# Which is better?? HauntedHost don't read!!



## Bloodyteeth (Sep 12, 2008)

I like the white/bloody angel look. Its different.


----------



## LHALLOW (Aug 10, 2004)

That's what I was thinking too......it would be Dogma like, and I love that movie. Oooo, stumpy wings....I like the idea of that too.


----------



## Sivart Yabb (Dec 5, 2003)

Totaly! White bloody with stumpy wings! Have you seen Constantine?


----------



## brandywine1974 (Sep 10, 2005)

I agree.....bloody, stumpy wings. Constatine is the first thing I thought of too.


----------



## Sivart Yabb (Dec 5, 2003)

brandywine1974 said:


> I agree.....bloody, stumpy wings. Constatine is the first thing I thought of too.


 That's because in the realm of great minds thinking alike, we're Freakin' Genius's!!

How are you Brandy love?


----------



## LHALLOW (Aug 10, 2004)

Nope, haven't seen Constantine......I've got a free rental at Blockbuster so I'll have to pick that one up.


----------



## brandywine1974 (Sep 10, 2005)

Sivart Yabb said:


> That's because in the realm of great minds thinking alike, we're Freakin' Genius's!!
> 
> How are you Brandy love?


OOOO, I love being freaky and smart! 

I am good, sweetness, how are you? 

LHallow, I am sure what ever you go with you will be stunning as usual. You should check out Constatine though.....might give you inspiration.


----------



## LHALLOW (Aug 10, 2004)

Brandy dear you are always super freaky and smart that's why I luv ya!!

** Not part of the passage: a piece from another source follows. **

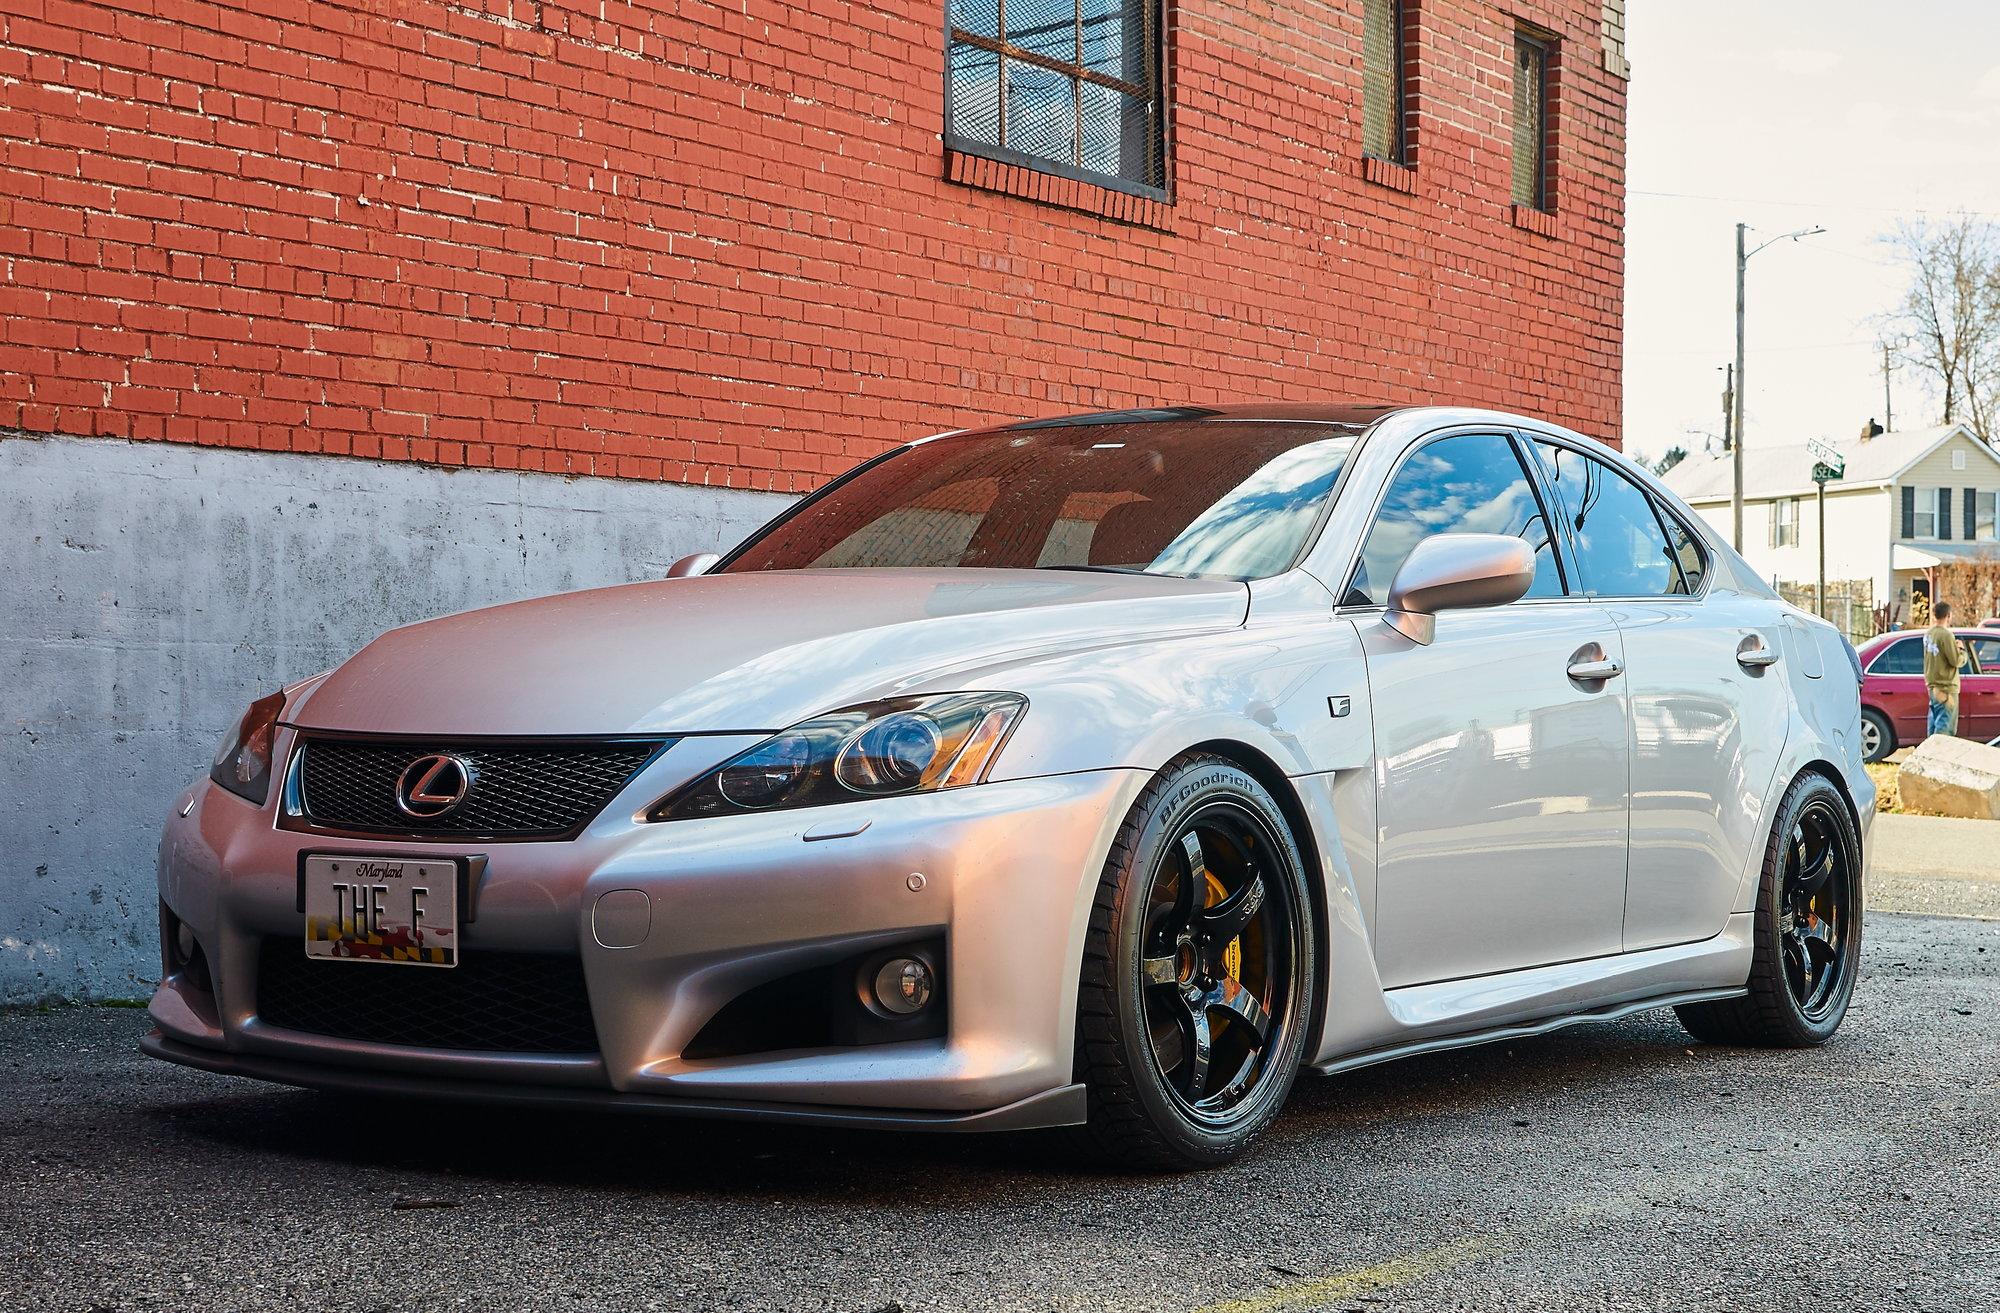 Lexus Of Annapolis >> New summer/track wheel set-up - Page 2 - ClubLexus - Lexus ...

My only concern with the white is I don't have white boots and boots are pricey. That's kind of why I was considering a "falling" angel. Wearing the white but dying part of it black, where black boots etc. I don't know if people would get that though.


----------



## lhallowsHubby (Aug 25, 2006)

You look good in anything, as long as it's short and reveiling!


----------



## Sivart Yabb (Dec 5, 2003)

brandywine1974 said:


> I am good, sweetness, how are you? .


 Quite well thanks, yet ready to get out of here and go home!



brandywine1974 said:


> LHallow, I am sure what ever you go with you will be stunning as usual. You should check out Constatine though.....might give you inspiration.

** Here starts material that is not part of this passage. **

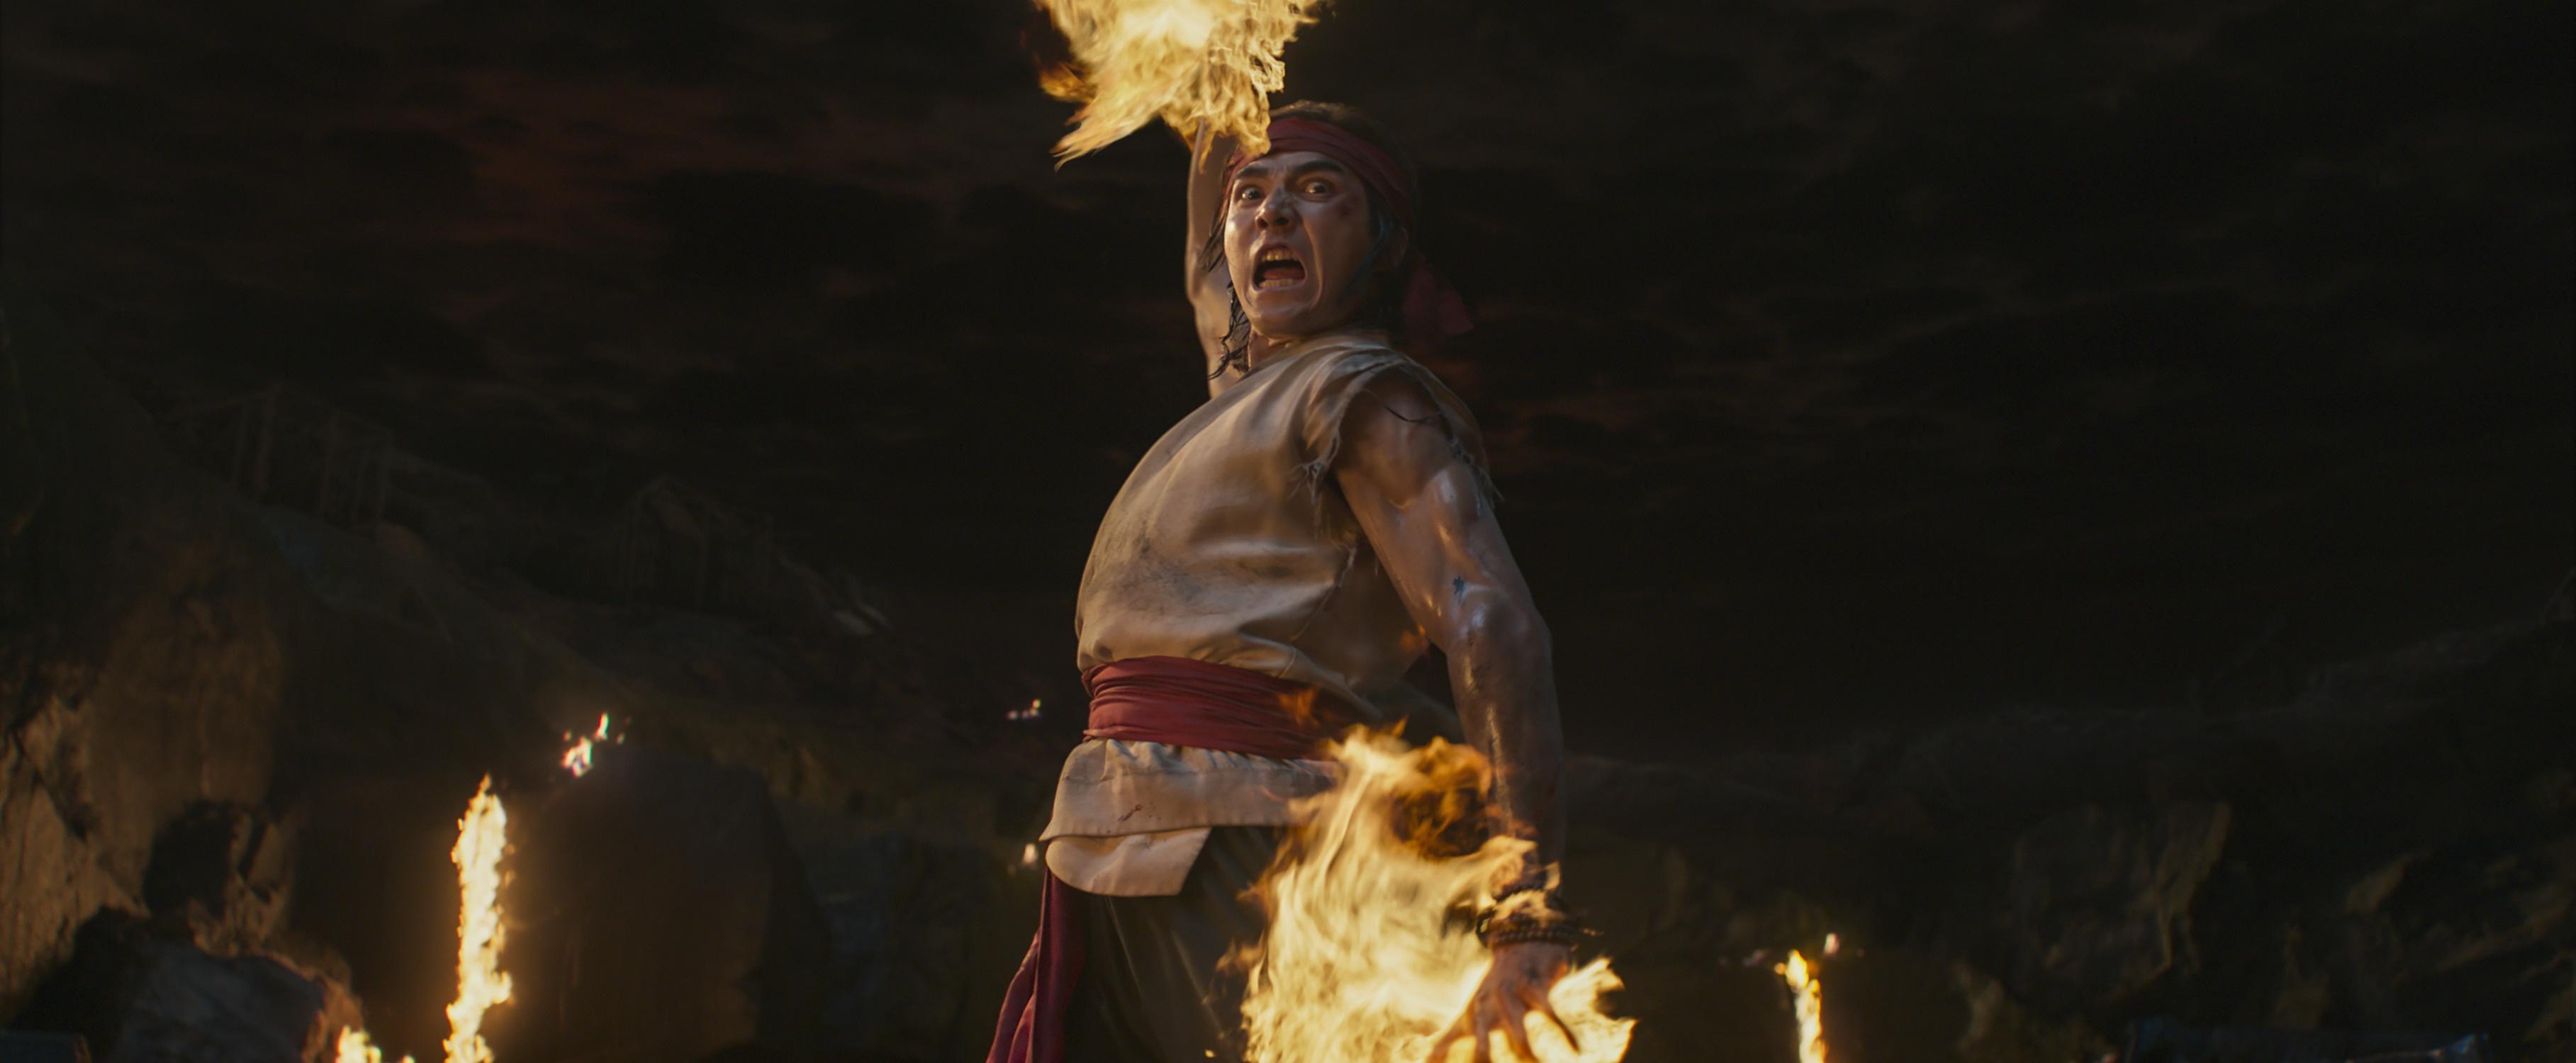 Mortal Kombat recensione film Sky con Lewis Tan e Jessica McNamee

 Yes, I agree with Everything she just said! You might want to consider singeing your outfit a little as well as the blood.


----------



## LHALLOW (Aug 10, 2004)

lhallowsHubby said:


> You look good in anything, as long as it's short and reveiling!


You are no help sweetie!


----------



## LHALLOW (Aug 10, 2004)

Sivart Yabb said:


> Yes, I agree with Everything she just said! You might want to consider singeing your outfit a little as well as the blood.

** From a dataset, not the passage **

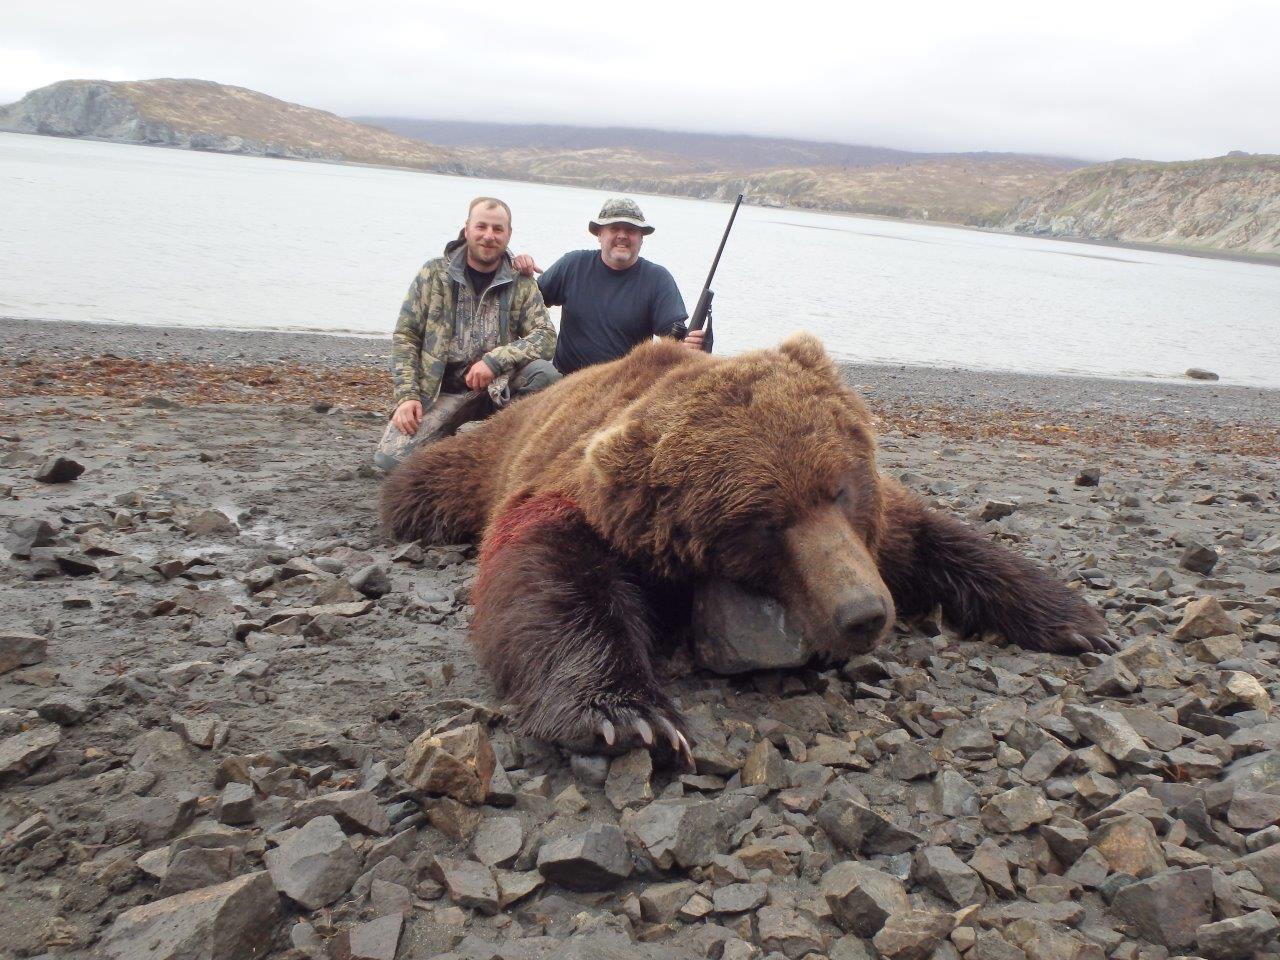 alaska_brown_bear_ruhuntalaska.jpg

I like that idea.......maybe I can make one wing a stump and singe the other wing.


----------



## Sivart Yabb (Dec 5, 2003)

lhallowsHubby said:


> You look good in anything, as long as it's short and reveiling!


HERE HERE!!!

Oh! uh.., Hello Mr. Lhallow sir. Um yes.
Pardon me.


----------



## Sivart Yabb (Dec 5, 2003)

LHALLOW said:


> My only concern with the white is I don't have white boots and boots are pricey. That's kind of why I was considering a "falling" angel. Wearing the white but dying part of it black, where black boots etc. I don't know if people would get that though.


What about those gold goddess sandals, the ones that wrap around the leg and go up to the knee! You can get those for like $15.00. I think.


----------



## DeathDealer (Jun 18, 2004)

Here is a quick shot of the Constantine Gabriel costume.

Gabriel


----------



## brandywine1974 (Sep 10, 2005)

I thought about going as a bloody angel one year. But I was going to were combat boots and carry an AK-47 or some other military rifel. Still might have to do that one of these years. Let us know what you pick up on your shopping trip tonight! Love ya too! xoxoxo


----------



## the dogman (Jul 8, 2007)

perhaps not completely stumped wings but battered and bloody ones... or feathers falling off revealing bat wings...

love the white to black idea, shows the transformation from good to bad.


----------



## LHALLOW (Aug 10, 2004)

Thanks for the help everyone!! I've decided to go with this costume: Heavenly Angel Adult Costume in Adults Women's Costumes Fairy & Angel Costumes 
It needs a lot of help....shortening the skirt, sinching the sides etc. but for a decnet price, it came with the petticoat and had a good base. I'm going to the fabric store today to find something I can use to start the transformation to black. Hubby also volunteered to take on the task of burning parts of the dress. 
There was a pair of feather wings at spirit that were broken but the staff said I had to come back when the store manager was in to see what he would sell them to me for.....so I'm going back today.
I LOVE the idea of the wings transforming to bat wings! I'm going to have to think about that how to do that one.

I'll keep you posted on the progress.
Thanks again!!


----------



## LHALLOW (Aug 10, 2004)

I've got some RIT dye and fabric paint to do the transformation of good to bad on the dress. I want to do it like spiderman turning into venom.....so we'll see how it goes.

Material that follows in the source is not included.